The mPCR was performed at physician request in the bacteriology laboratory on respiratory samples of COVID-19 patients suspected of bacterial co/superinfections. Results were transmitted immediately upon completion of the test.

Microbiological performance

Respiratory samples were analyzed using conventional microbiological methods (gold standard). Upon arrival of the sample, a direct smear examination was performed. The sample and serial dilutions (10−2 and 10−4) were plated on Colombia agar + 5% horse blood, Chocolate agar PolyViteX, Drigalski agar, and Columbia ANC agar + 5% horse blood (bioMerieux, Marcy l’Etoile, France), and incubated at 35 ± 2 °C in aerobic, anaerobic, and 5% CO2 conditions. The number of bacteria in the original specimen was estimated by colony counts and was expressed as CFU/mL. Bacterial identification was performed using mass spectrometry (Biotyper, Bruker Daltonics, Germany). Antibiotic susceptibility testing (AST) was performed using the disc diffusion method on Mueller–Hinton media (Bio-Rad, Marnes-la-Coquette, France) from colonies isolated after primary culture, according to the recommendations of the EUCAST (www.eucast.com). ESBL in Enterobacteriales and methicillin resistance in staphylococci were determined phenotypically on AST. The carbapenemase genes were confirmed by Xpert® Carba-R (Cepheid, Sunnyvale, USA). We evaluated the performance of the mPCR compared to conventional method considering (i) all microorganisms identified in culture and (ii) microorganisms that reached microbiological thresholds (107 colony-forming unit/mL for sputum, 105 for endo-tracheal aspiration (ETA), 104 for bronchoalveolar lavages (BAL), and 103 for mini-BAL). When a discrepancy was observed, no further tests were performed.
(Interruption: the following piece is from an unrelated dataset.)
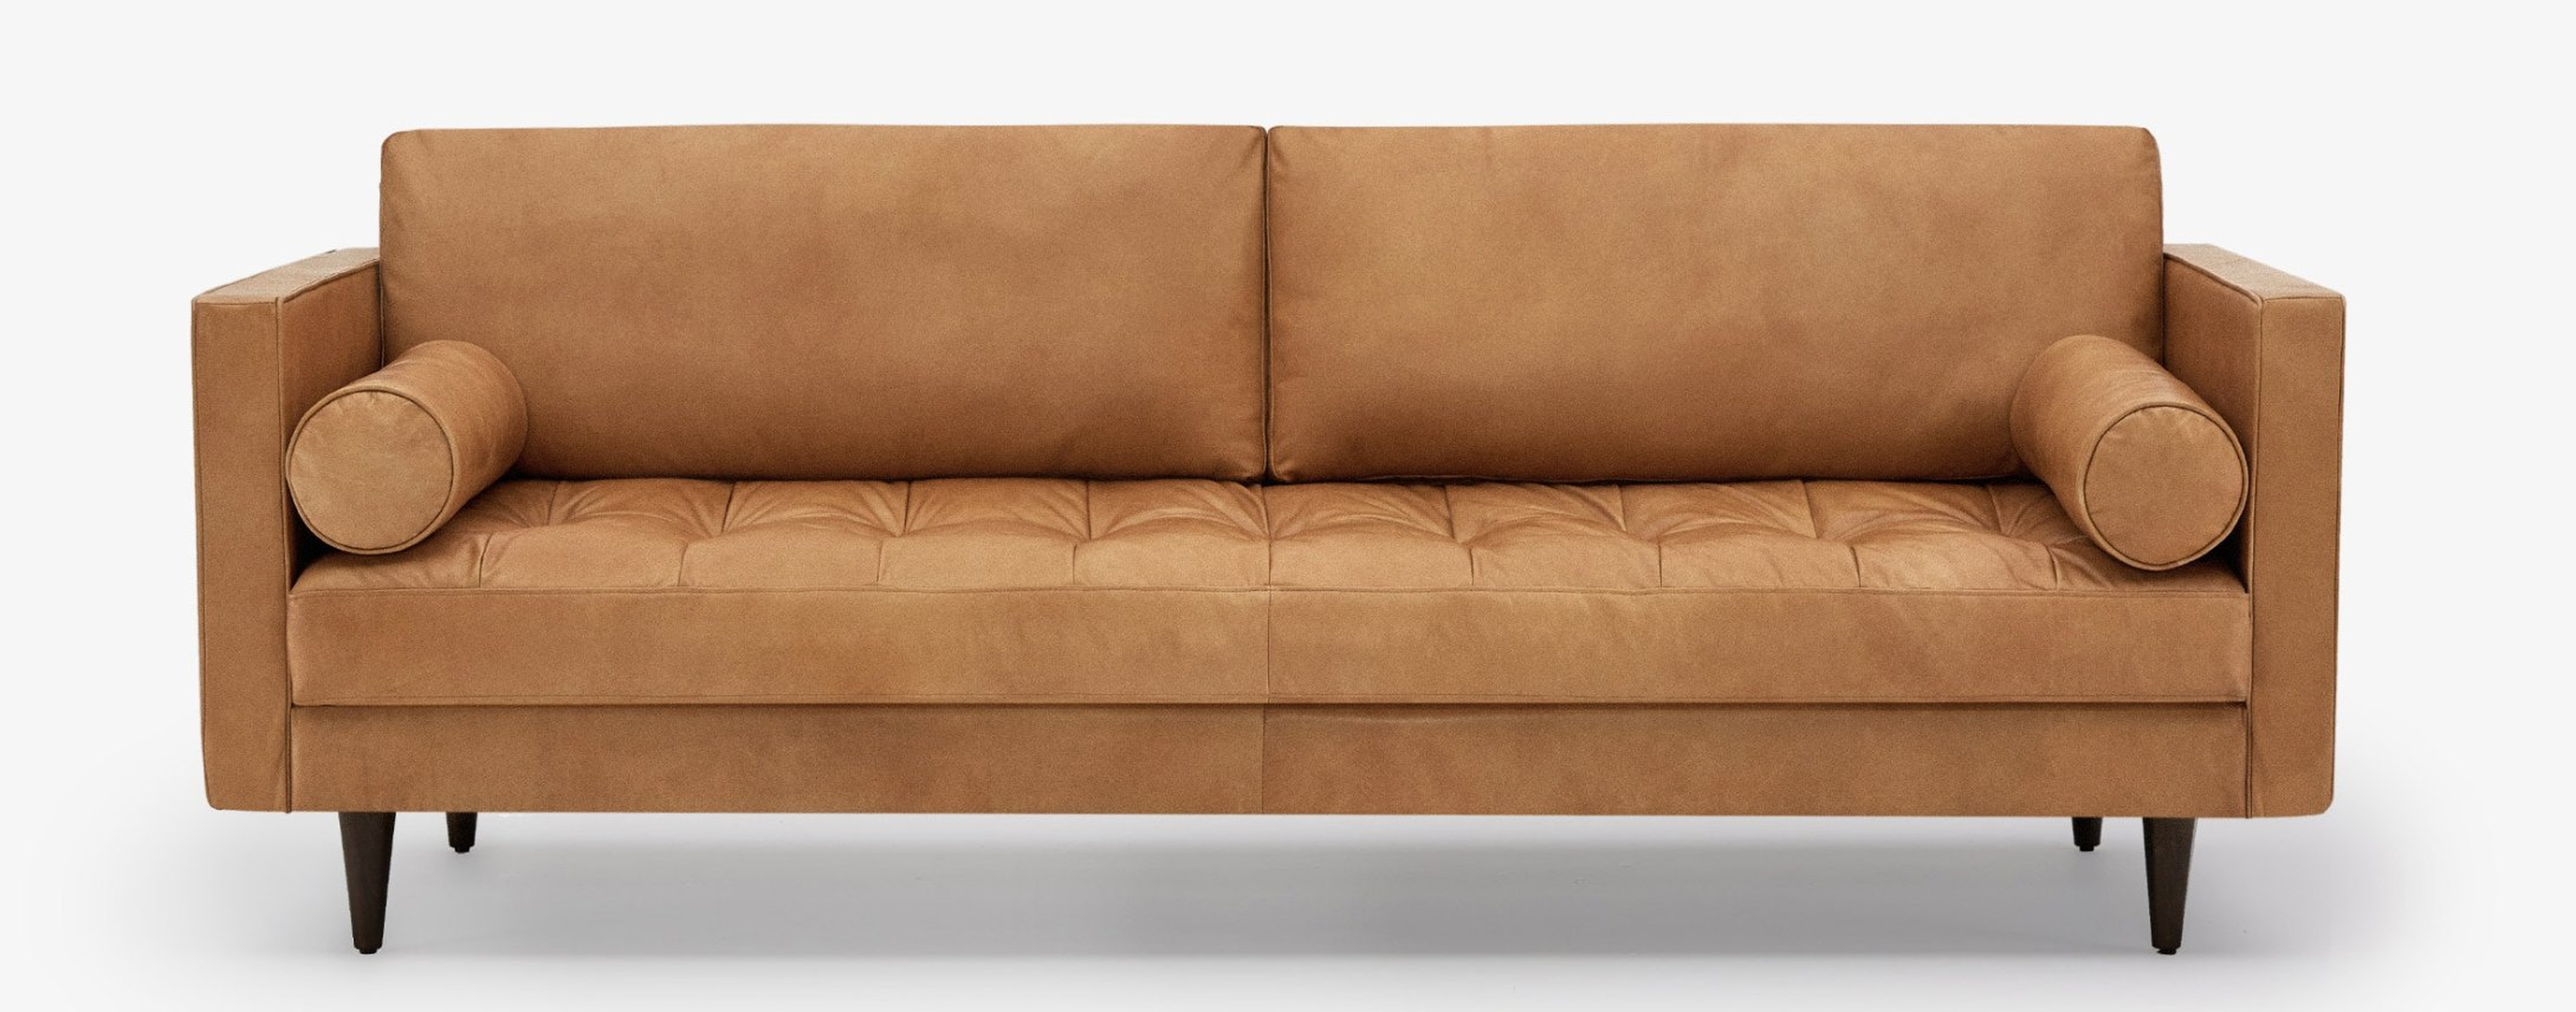 Briar Leather Sofa in Santiago Caramel Leather with Mocha Wood Stain - Joybird

Evaluation of impact on antibiotic treatment

Antibiotics were recorded at D−1, D0, D+1, and D+2 following mPCR. Antibiotic changes after mPCR results were categorized into “continuation,” “no initiation,” and “withdrawal” for negative mPCR, and into “continuation,” “initiation,” “adaptation,” “de-escalation,” and “inadequacy” for positive mPCR. We defined “adaptation” as the introduction of an effective antibiotic (based on AST) on causative bacteria that were not correctly treated before the results of the mPCR. We defined “de-escalation” as the appropriate use of a narrower-spectrum antibiotic for beta-lactam antibiotics [7]. “Inadequacy” was considered when mPCR results led to an ineffective antibiotic on causative bacteria.

Ethics

The Committee for Research Ethics in Anesthesia and Critical Care (CERAR) authorized the study (No. IRB 00010254-2020-171).

Results

Demographical characteristics

During the study period, 191 COVID-19 patients were hospitalized in both ICUs (126 in medical and 65 in surgical ICU) among whom 67 had at least one mPCR. Median age was 57 years (IQR 46-65), and 82% were males. At admission, the median SAPS II score was 34 (IQR 25-52), 52 (76%) patients had at least one comorbidity, and 58 (87%) were overweight. Sixty-four patients (96%) were under invasive mechanical ventilation. Antibiotics were administered before admission to ICU in 53 (79%) patients. The mortality rate in ICU was 57% (Table 1).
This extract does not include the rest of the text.